A Salerno, ancora per un match di campionato Primavera come lo scorso anno, dove oggi sponda ospiti era presente l’altro figlio, Andrea: «L’anno scorso è venuto Simone ed oggi sono tornato per Andrea, 2006, che è stato convocato dal mister. Per me è una bella rimpatriata, è sempre bello tornare, anche alla vigilia di una sfida importante come contro la Juventus. Lo scorso inverno sono venuto a trovare i magazzinieri che mi hanno anche regalato la maglia della Serie A. Il popolo salernitano è sempre straordinario». Impossibile non chiedere della sfida di domani, all’Allianz Stadium, tra Juventus e Salernitana: «La squadra sta giocando bene e la partita di domani sarà molto importante. Bisogna non sbagliare la gara e fare la prestazione. Sulla carta la Salernitana è svantaggiata ma il calcio è bello perché è imprevedibile.
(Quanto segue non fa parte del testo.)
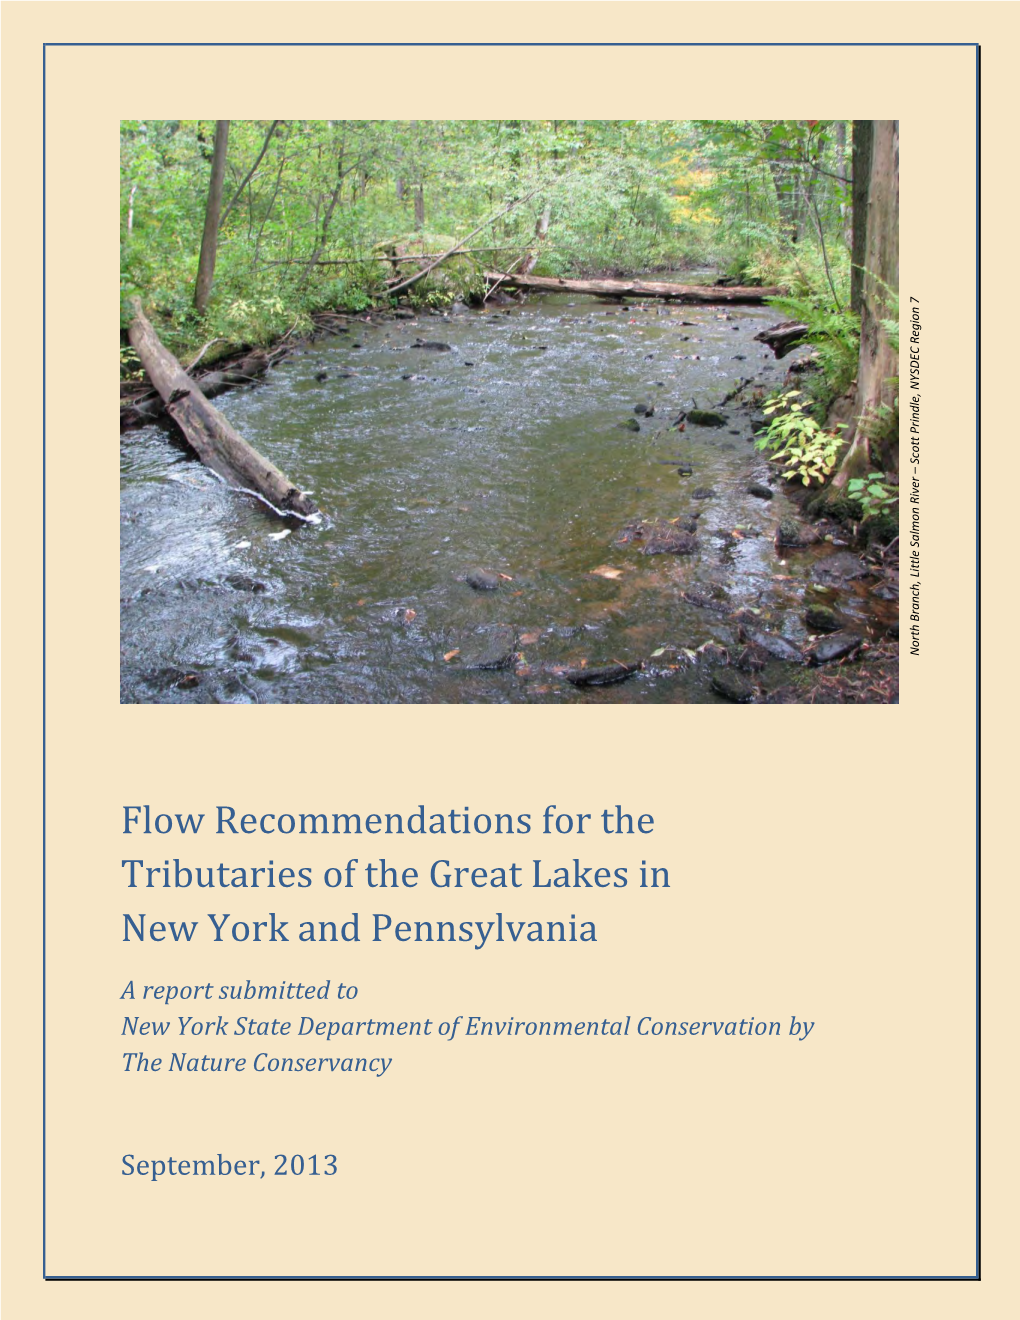 Flow Recommendations for the Tributaries of the Great Lakes in New York and Pennsylvania
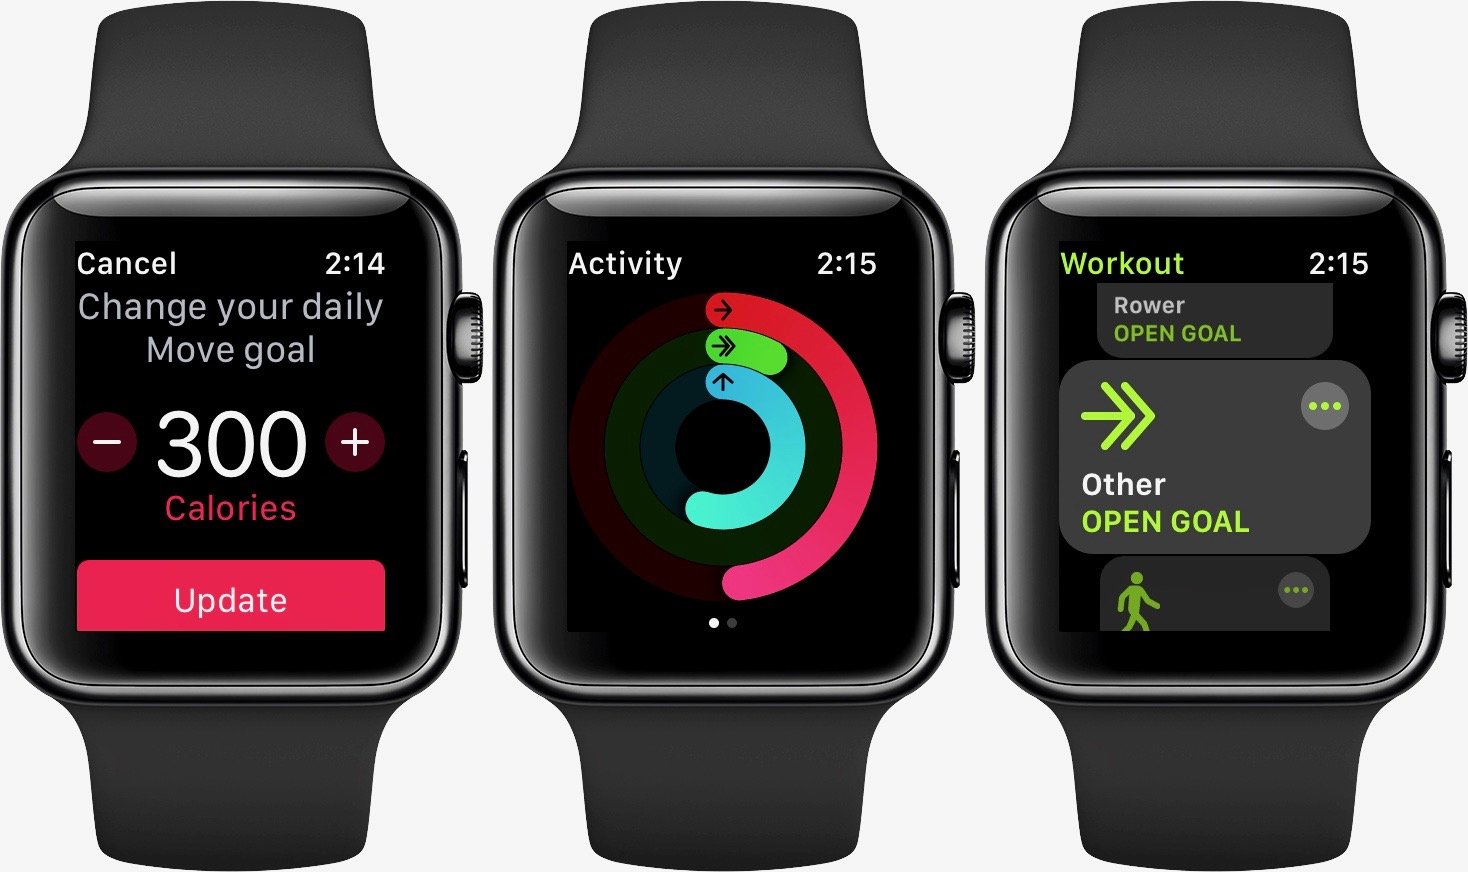 Apple Watch: How to change exercise goal

L’importante è lavorare sull’atteggiamento e sullo stare in partita». Un pensiero alla nuova proprietà granata senza dimenticare i precedenti sportivi a Salerno e qualche “vecchio” amico: «Iervolino è stato lesto e bravissimo a fare l’affare, bene e fortunati nel salvarsi dove tutti davano per spacciata la Salernitana. Credo che il presidente partirà dalle basi strutturali. Mantenere la categoria è fondamentale per un discorso aziendale però bisogna pensare ad un quartier generale alle strutture, nei fatti, e penso che da ottimo imprenditore lo farà. Luca Fusco come ex giocatore è uno che sicuramente ha cultura calcistica. Ha giocato con Grassadonia che conosco, così come Ciro De Cesare, che oggi ho rincontrato molto più maturo. Gli ho ricordato di quando lo chiamai (esperienza Salerno Calcio ndr) perchè si stirano Polani e Biancolino, lui aveva quasi 40 anni e pensava fosse uno scherzo, ci siamo incontrati con Eziolino Capuano perchè non credeva che fossi Pagni». Sul campionato Primavera, Pagni la chiude così: «La squadra granata ha un’identità anche se non posso dare giudizi ad occhio perchè mi piace studiare e capire. L’impronta si vede ma bene anche la Reggina che gioca sotto età e ci sono anche due ragazzi che hanno esordito in B come Paura e Foti. La Primavera 2 merita qualcosina in più ma in Italia, purtroppo, abbiamo il problema dei giovani».